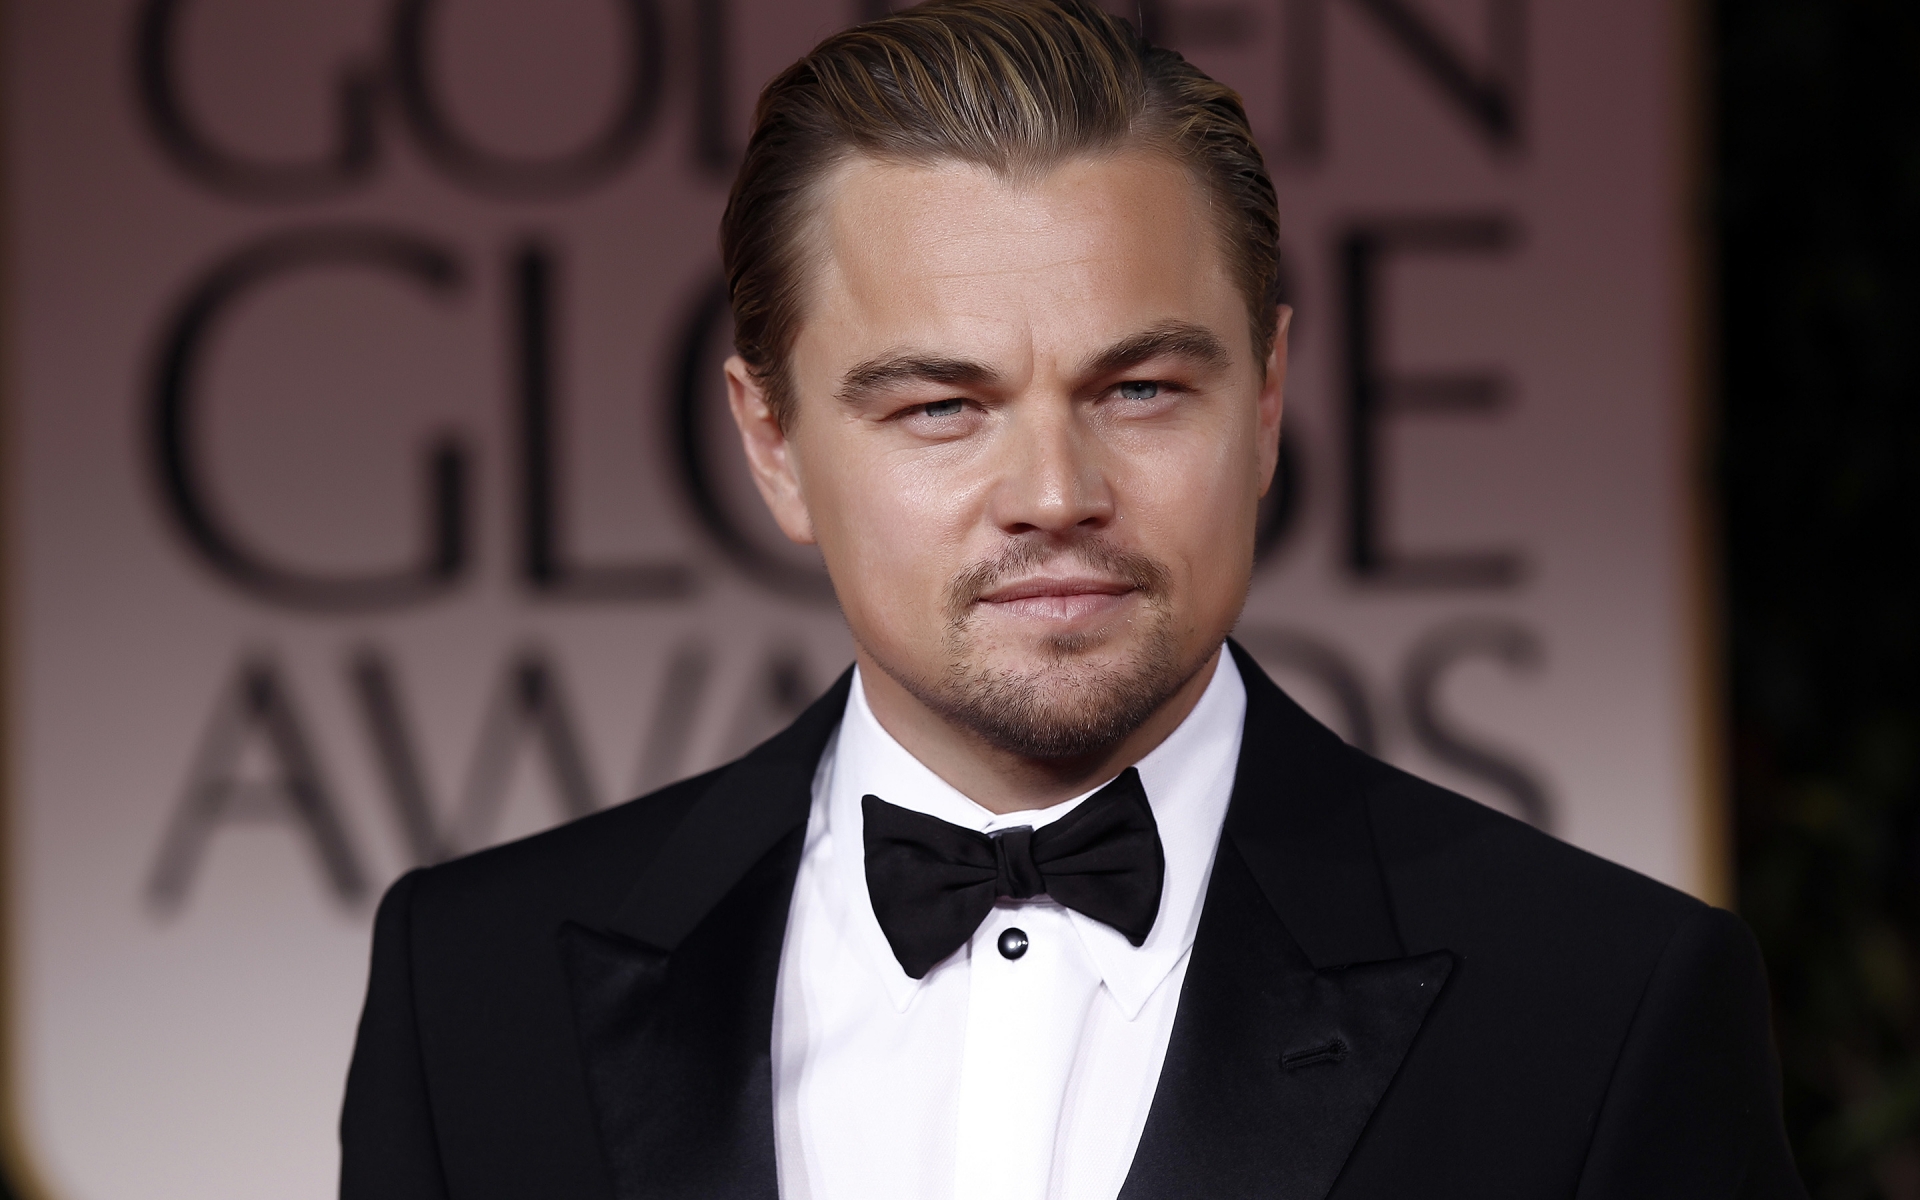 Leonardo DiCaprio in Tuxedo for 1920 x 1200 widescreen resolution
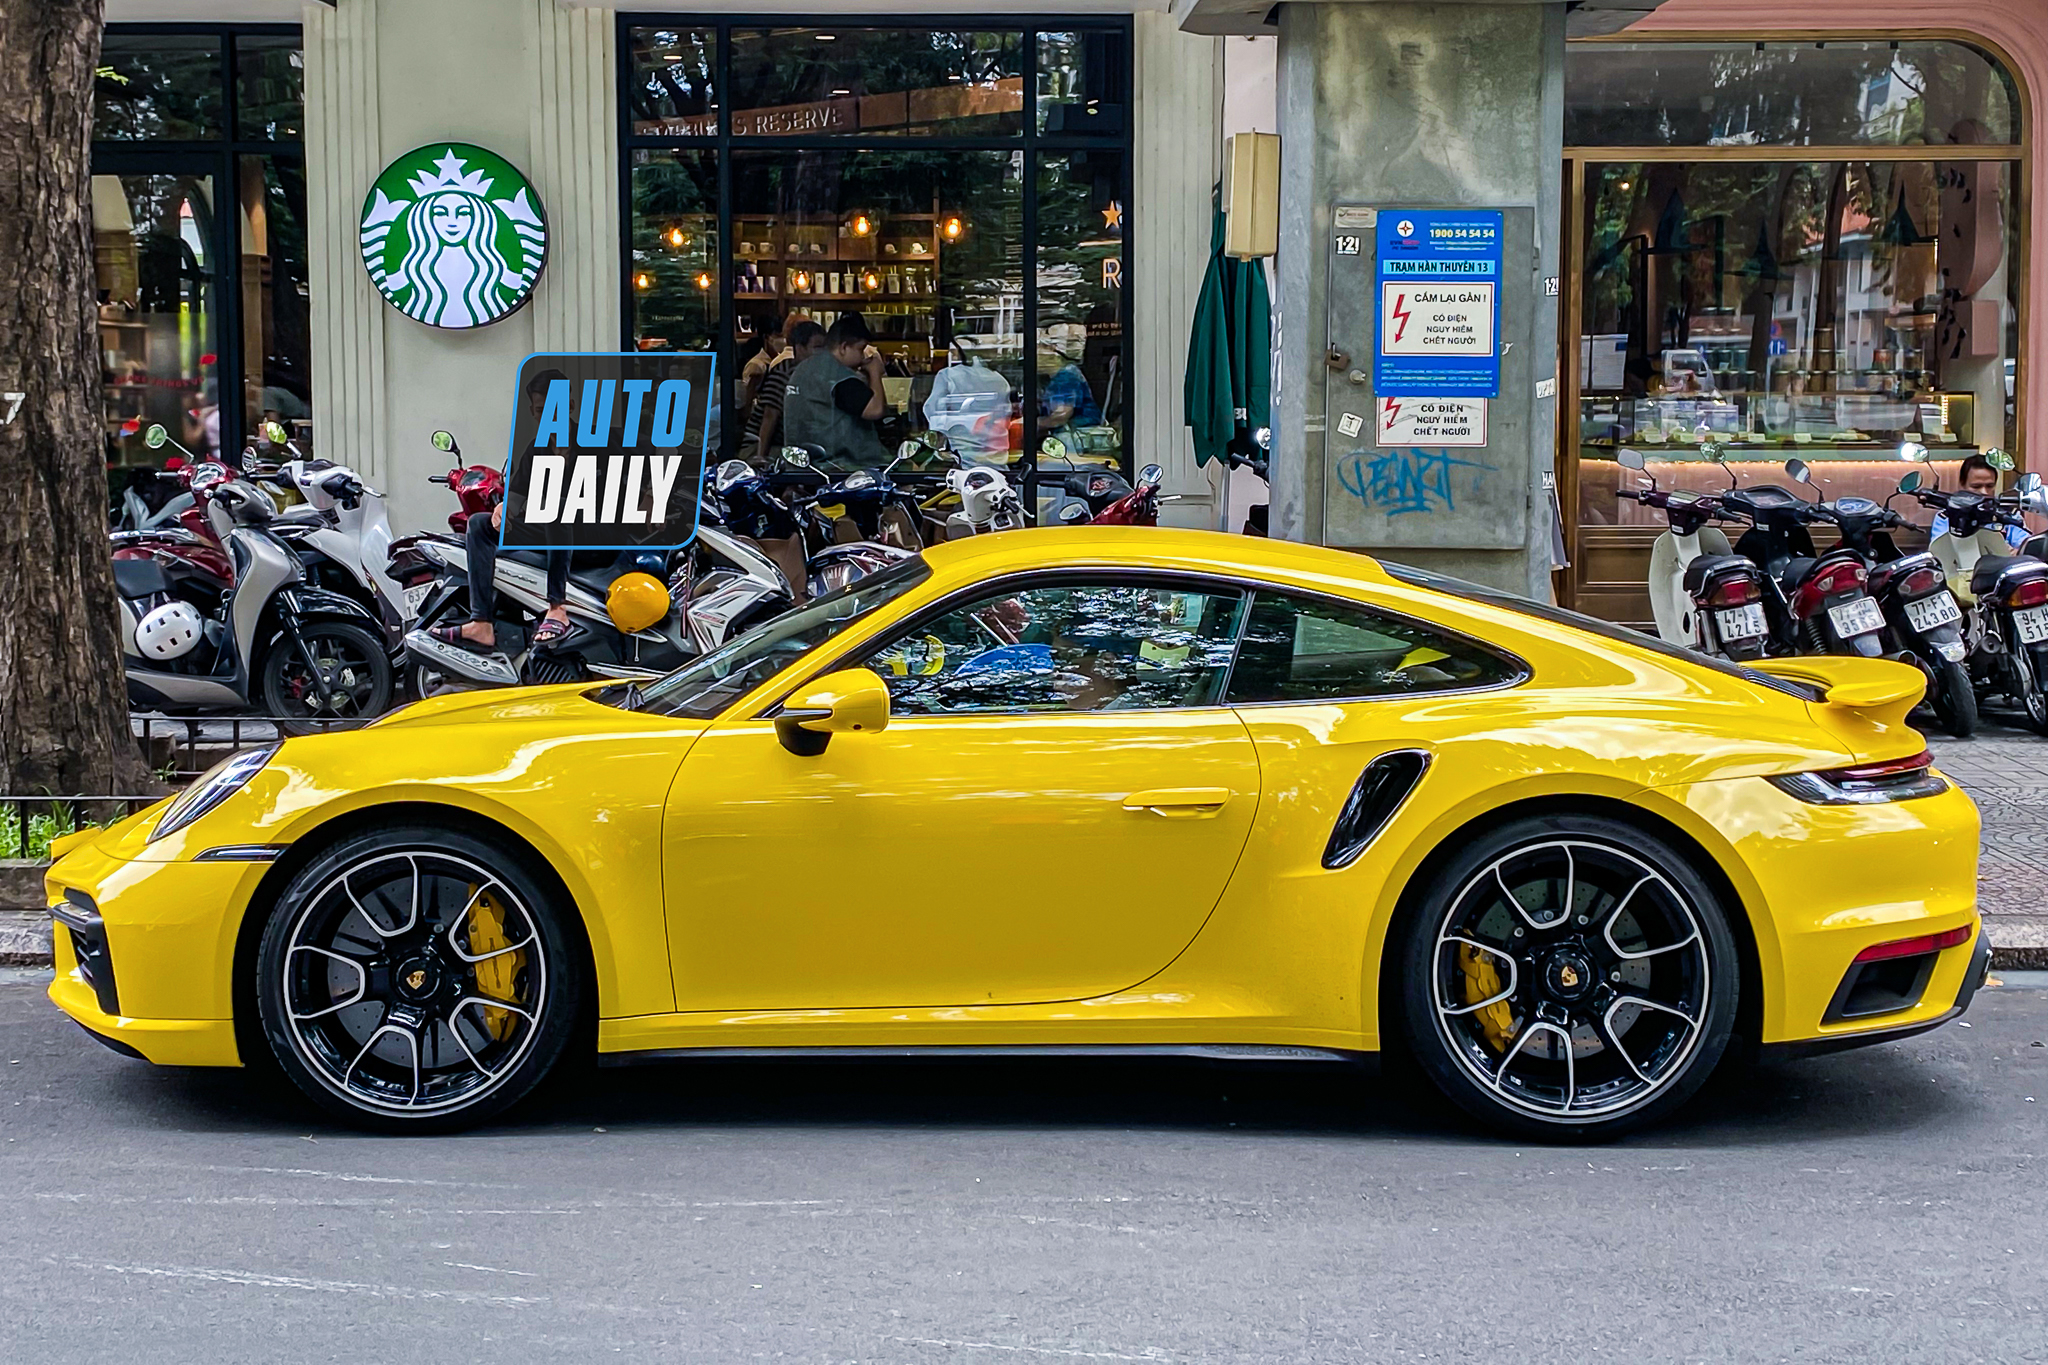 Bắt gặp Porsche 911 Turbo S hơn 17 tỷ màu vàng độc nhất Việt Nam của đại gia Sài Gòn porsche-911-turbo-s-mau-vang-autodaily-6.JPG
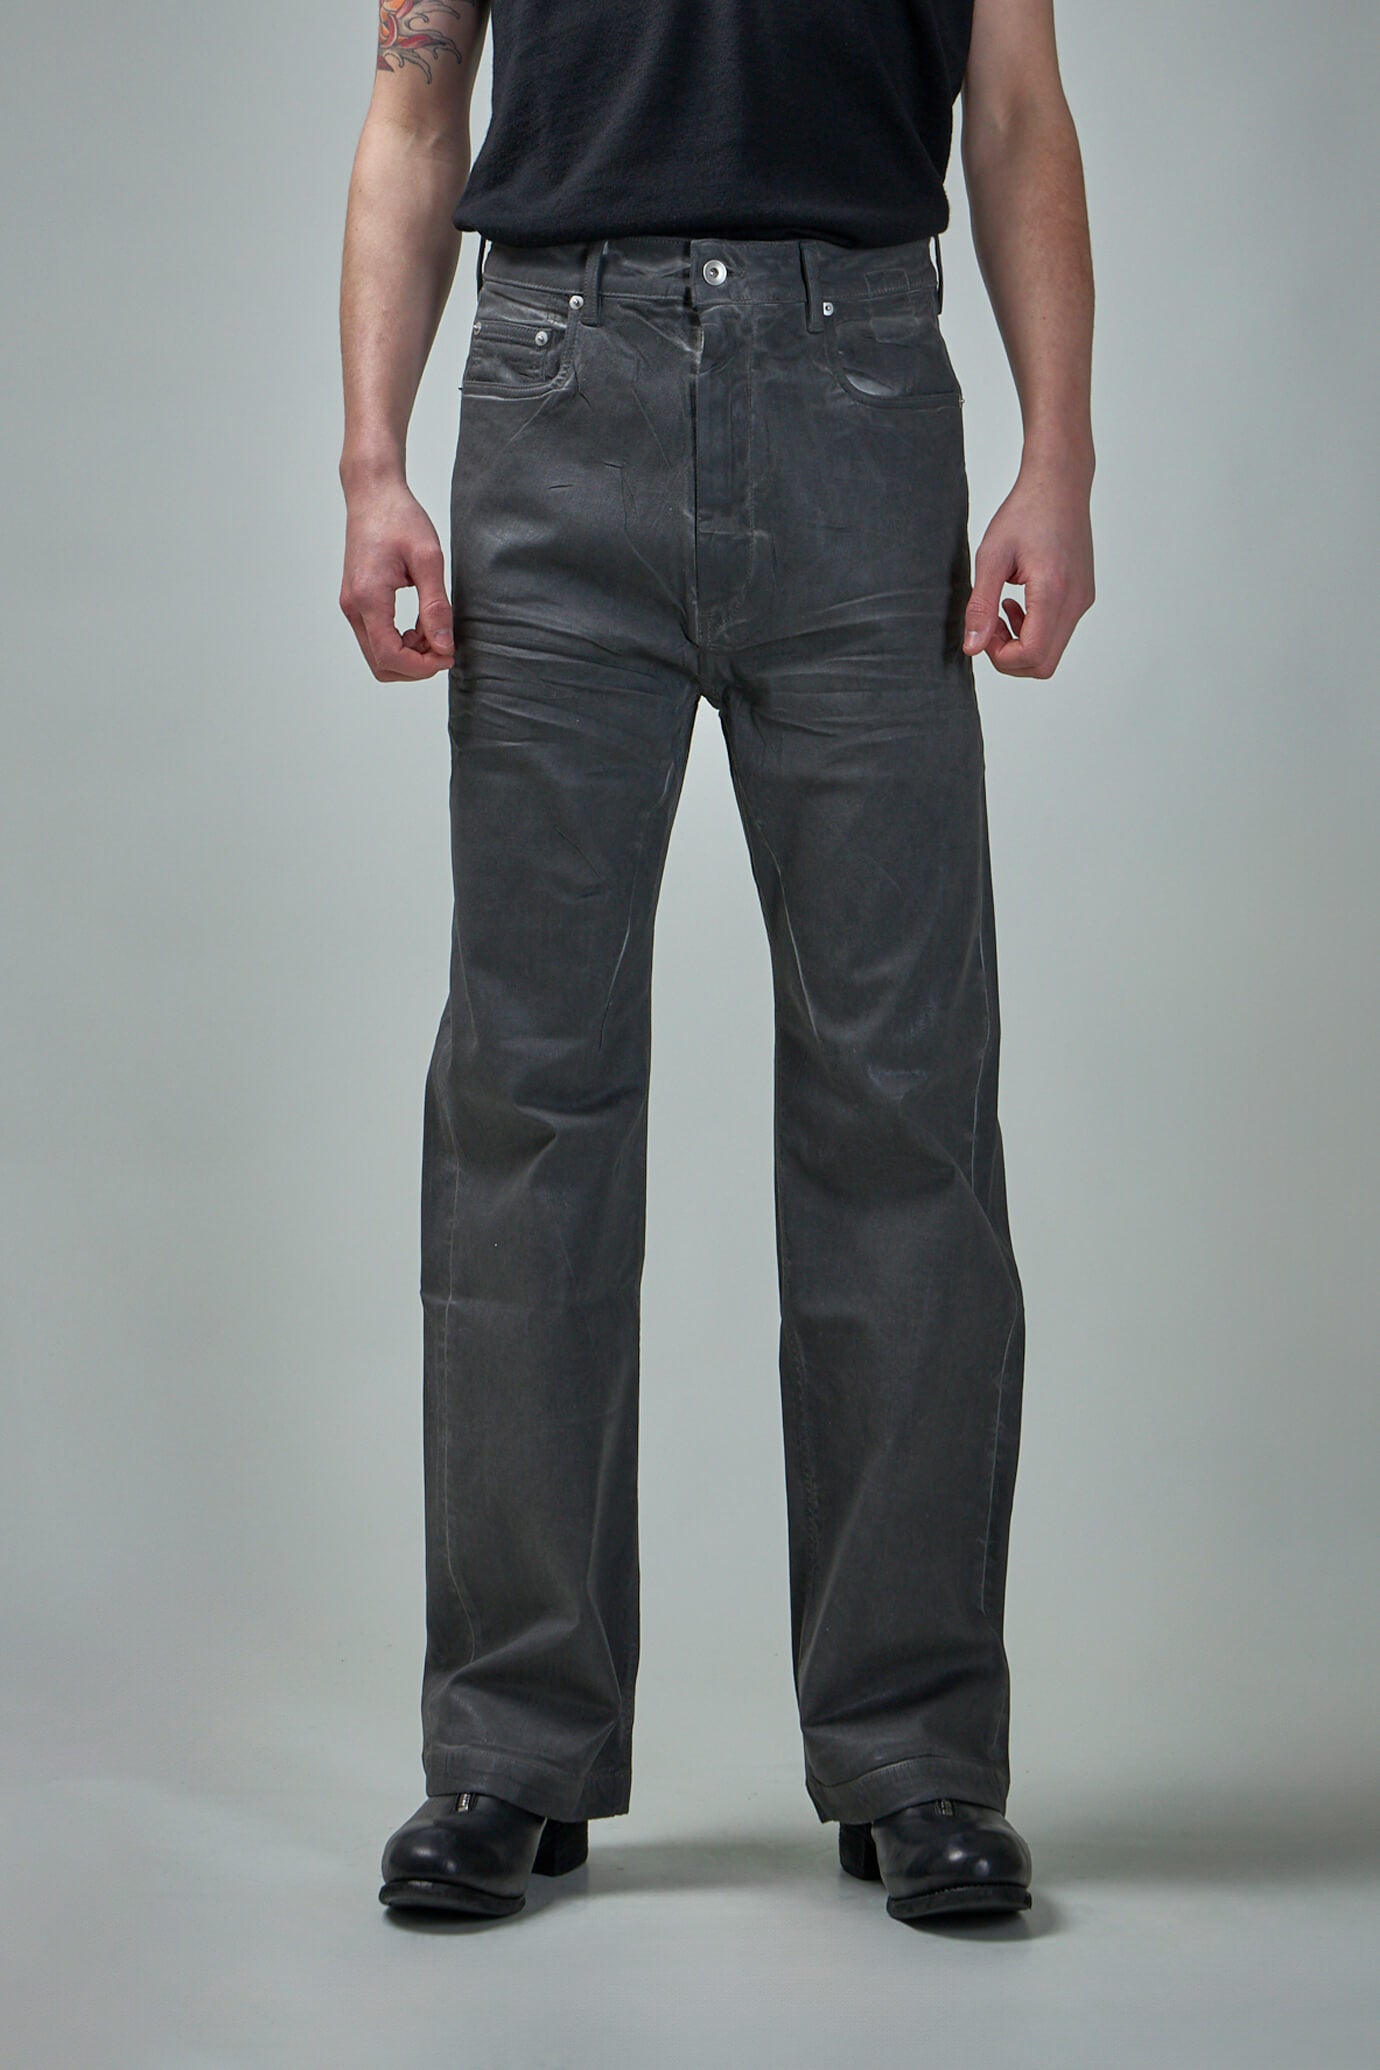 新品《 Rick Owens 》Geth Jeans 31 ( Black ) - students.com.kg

## [Required action]
Copy exactly what appears from the line holding "Bắt gặp Porsche" to the end of the material, keeping both end lines. Pictures are not part of the copy.

## [Answer space]
 Bắt gặp Porsche 911 Turbo S hơn 17 tỷ màu vàng độc nhất Việt Nam của đại gia Sài Gòn porsche-911-turbo-s-mau-vang-autodaily-6.JPG
 新品《 Rick Owens 》Geth Jeans 31 ( Black ) - students.com.kg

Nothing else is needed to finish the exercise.